In general, I think that operator overloading can be used for at least three things:

  1. implementing the familiar arithmetic operations on additional types of numbers or very strongly number-like things, where the new implementations respect the traditional arithmetic properties of the operators; for example + and * are commutative.

  2. implementing these operations on things which already use these operators in their written notation, even if how the operators are used doesn't (fully) preserve their usual principles. Matrix multiplication is not commutative, for example, but I don't think many people would argue against using * for it in a programming language.

  3. using these operators simply for convenient, compact notation in ways that have nothing to do with arithmetic, mathematical notation, or their customary uses in written form for the type of thing you're dealing with.

I don't think anyone disagrees with the use of operator overloading for the first case. I suspect that there is some but not much disagreement over the second case. It's the third case that I think people are likely to be strongly divided over, because it's by far the most confusing one. As an outside reader of the code, even once you know the types of objects involved, you don't know anything about what's actually happening; you have to read the definition of what that type does with that operator. This is the 'say what?' moment of << in C++ IO and % with Python strings.

Languages are partly a cultural thing, not purely a technical one, and operator overloading (in its various sorts) can be a better or a worse fit for different languages. Operator overloading probably would clash badly with Go's culture, for example, even if you could find a good way to add it to the language (and I'm not sure you could without transforming Go into something relatively different).

(Designing operator overloading into your language pushes its culture in one direction but doesn't necessarily dictate where you wind up in the end. And there are design decisions that you can make here that will influence the culture, for example requiring people to define all of the arithmetic operators if they define any of them.)

Since I'm a strong believer in both the pragmatic effects and aesthetic power of syntax, I believe that even operator overloading purely to create convenient notation for something can be a good use of operator overloading in the right circumstances and given the right language culture. Generally the right circumstances are going to be when the operator you're overloading has some link to what the operation is doing. I admit that I'm biased here, because I've used the third sort of operator overloading from time to time in Python and I think it made my code easier to read, at least for me (and it certainly made it more compact).

(For example, I once implemented '-' for objects that were collections of statistics, most (but not all) of them time-dependent. Subtracting one object from another gave you an object that had the delta from one to the other, which I then processed to print per-interval statistics.)

In thinking about this now, one thing that strikes me is that an advantage of operators over function calls is that operators tend to be written with whitespace, whereas function calls often run everything together in a hard to read blur.
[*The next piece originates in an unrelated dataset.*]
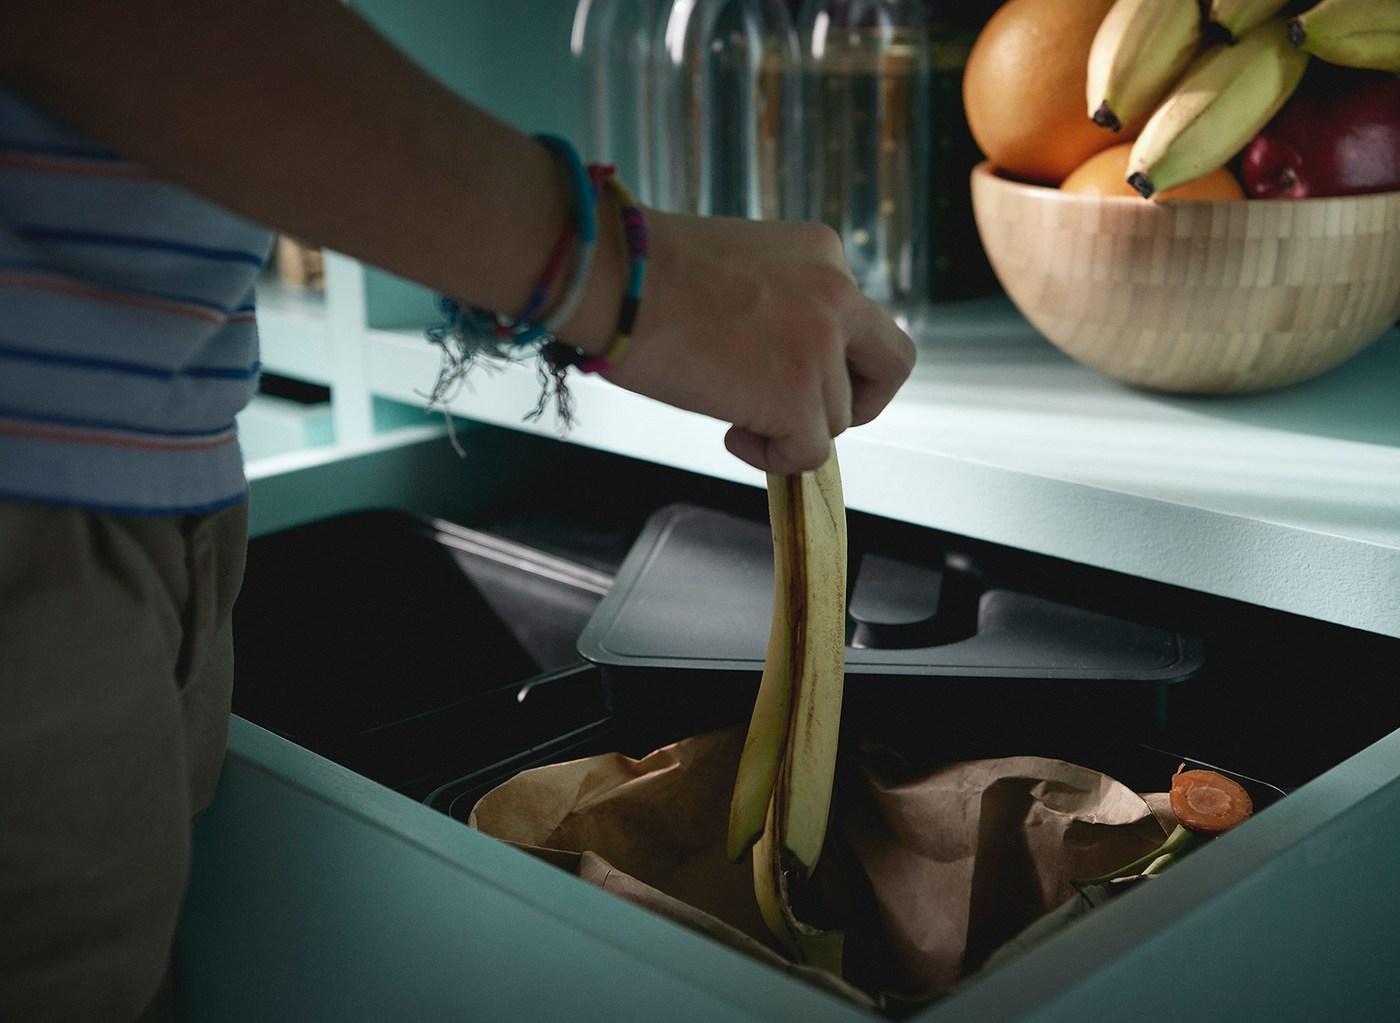 ブレスレットをつけた人が、キッチンの引き出しに入ったVARIERA/ヴァリエラ 分別ゴミ箱にバナナの皮を落としている様子。

We know that whitespace helps readability, so if we're going to lean heavily on function calls in a language (including in the form of method calls), perhaps we should explore ways of adding whitespace to them. But I'm not sure whitespace alone is quite enough, since operators are also distinct from letters.

(I believe this is where a number of functional languages poke their heads up.)


Comments on this page:

From 78.58.206.110 at 2018-05-12 08:13:06:

Matrix multiplication is not commutative, for example, but I don't think many people would argue against using * for it in a programming language.

Oh, the arguments about matrix multiplication have actually gone to the point that Python now provides an @ operator just for that purpose, leaving * available for scalar multiplication. See PEP-465.

From 78.58.206.110 at 2018-05-12 12:50:48:

leaving * available for scalar multiplication

...by which I meant elementwise multiplication.

By Dave at 2018-05-12 19:38:26:

I believe most languages allow whitespace between the object and the method call:

For example, in python:

>>> x=[4,1,2]
>>> x . sort()
>>> x
[1, 2, 4]
By Ben C at 2018-05-27 17:04:49:

Operator overloading in Haskell is rather nice. It is a functional language but I don't think that's necessary for any of these features.

  • You can define new operators, for example @@. This avoids having to twist the meaning of an existing operator to do something completely different. (You can use Unicode symbols if you want to avoid ugly combinations of ASCII symbols!)

  • Overloading operators (and functions) is limited to type classes (like C++ concepts). For example, if you want to overload + for a type it needs to be an instance of the Num typeclass - which requires you to implement at least a few other functions and operators including * and abs.

  • You can use an operator as a prefix function by putting it in brackets, thus (*) 2 3 and 2 * 3 are equivalent.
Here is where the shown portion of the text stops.